Permission model

reyn's permission system gates four kinds of capability: file paths, shell, MCP tool calls, and Python preprocessor steps. The defaults are conservative; anything beyond them must be declared by the skill and approved by the user (or pre-approved in reyn.yaml).

Three layers, in order

┌──────────────────────────────┐  always allowed; nothing to declare
│  defaults (read-only project)│
└──────────────────────────────┘
             ↓ if skill needs more
┌──────────────────────────────┐  declare in skill.md frontmatter; user approves
│  skill declarations          │  approval persists to .reyn/approvals.yaml
└──────────────────────────────┘
             ↓ if you trust the project broadly
┌──────────────────────────────┐  reyn.yaml: permissions.<key>: allow
│  project-wide pre-approval   │  bypasses the prompt for that capability
└──────────────────────────────┘

Layer 1: defaults

Read/glob/grep anywhere under the project root. Write/edit/delete only under .reyn/ or reyn/. No shell, no MCP, no Python.
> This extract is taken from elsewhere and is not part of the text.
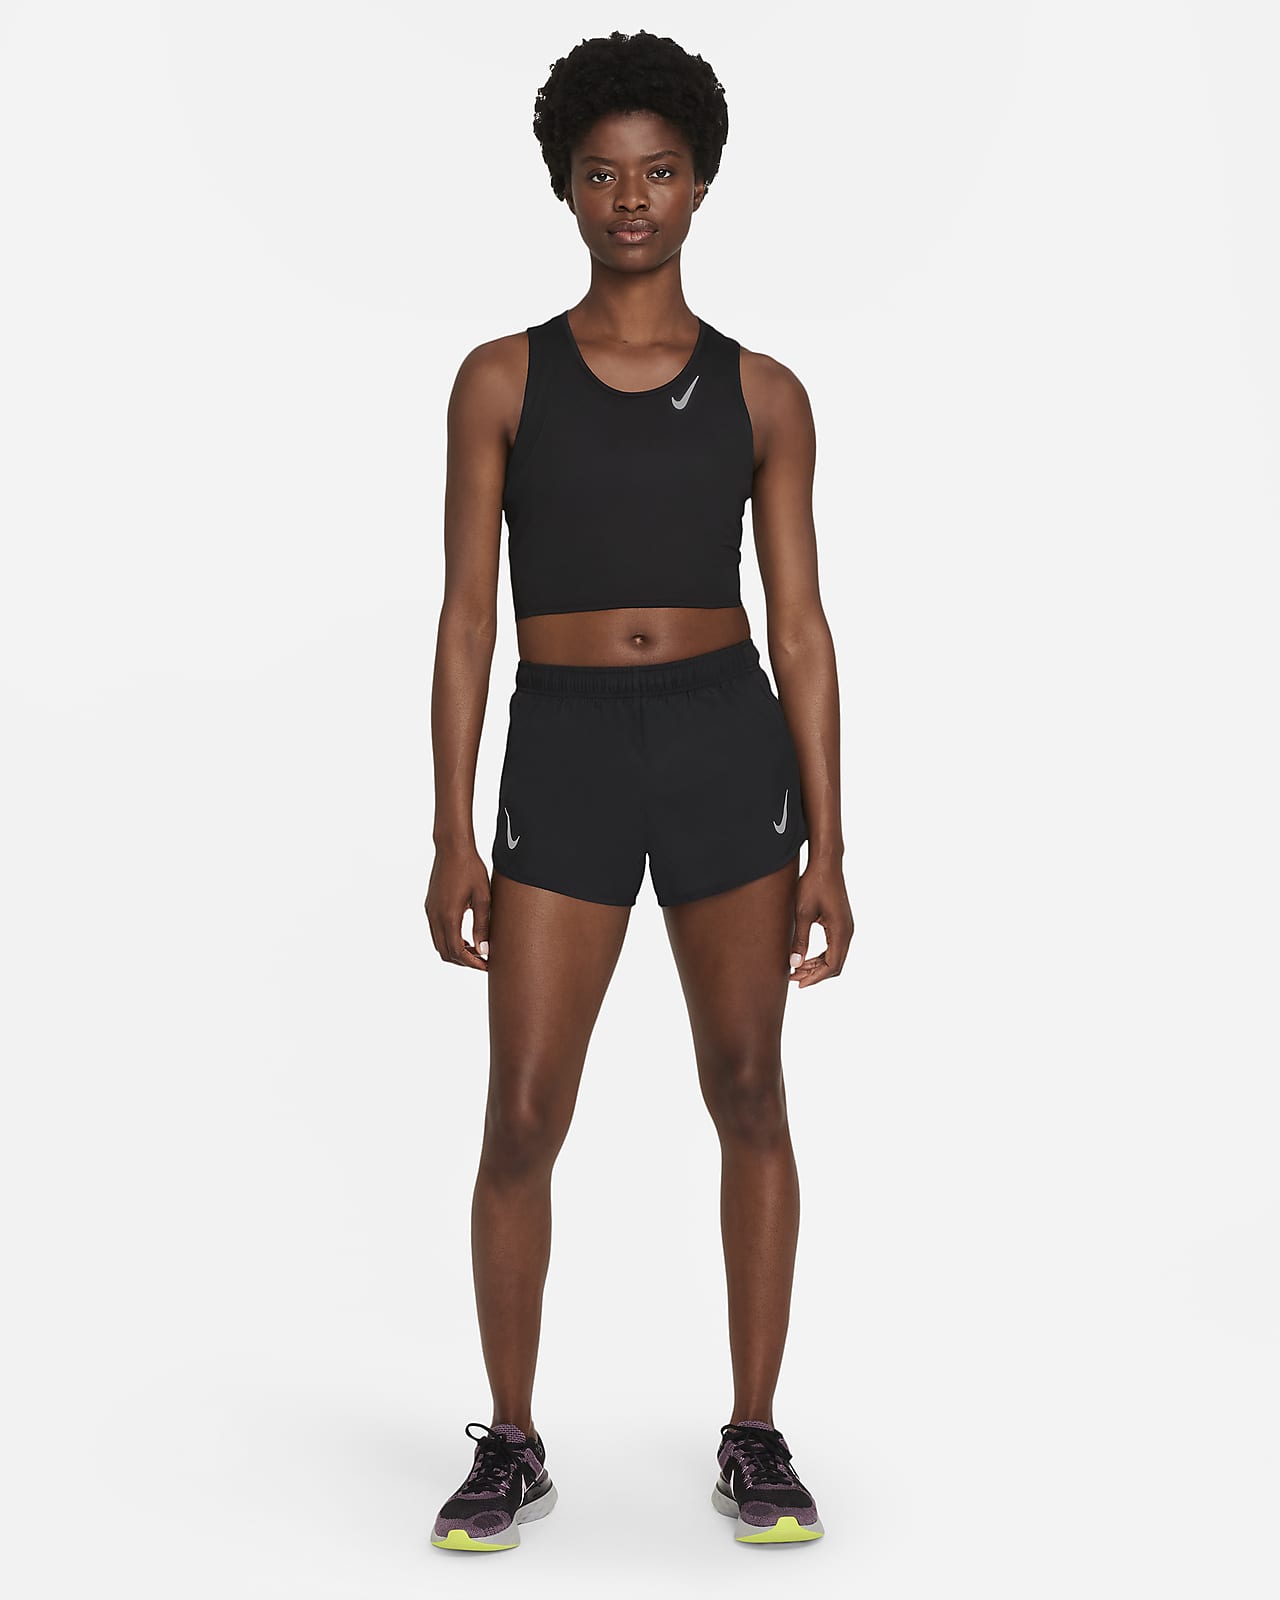 Nike Débardeur Dri-fit Starting Five Noir - Vêtements Débardeurs

Layer 2: skill declarations

A skill that needs something outside the defaults declares it in its skill.md frontmatter. At skill startup, the runtime shows a single approval prompt:

[approval] my_skill/file.write needs:
  /tmp/output (just_path)

  [y] allow this run only
  [j] persist for this exact path + skill
  [r] persist for the parent dir (recursive) + skill
  [N] deny

Persistent choices land in .reyn/approvals.yaml keyed by <skill>/<op>/<path>. Keys are skill-scoped — one skill's approval doesn't leak to another.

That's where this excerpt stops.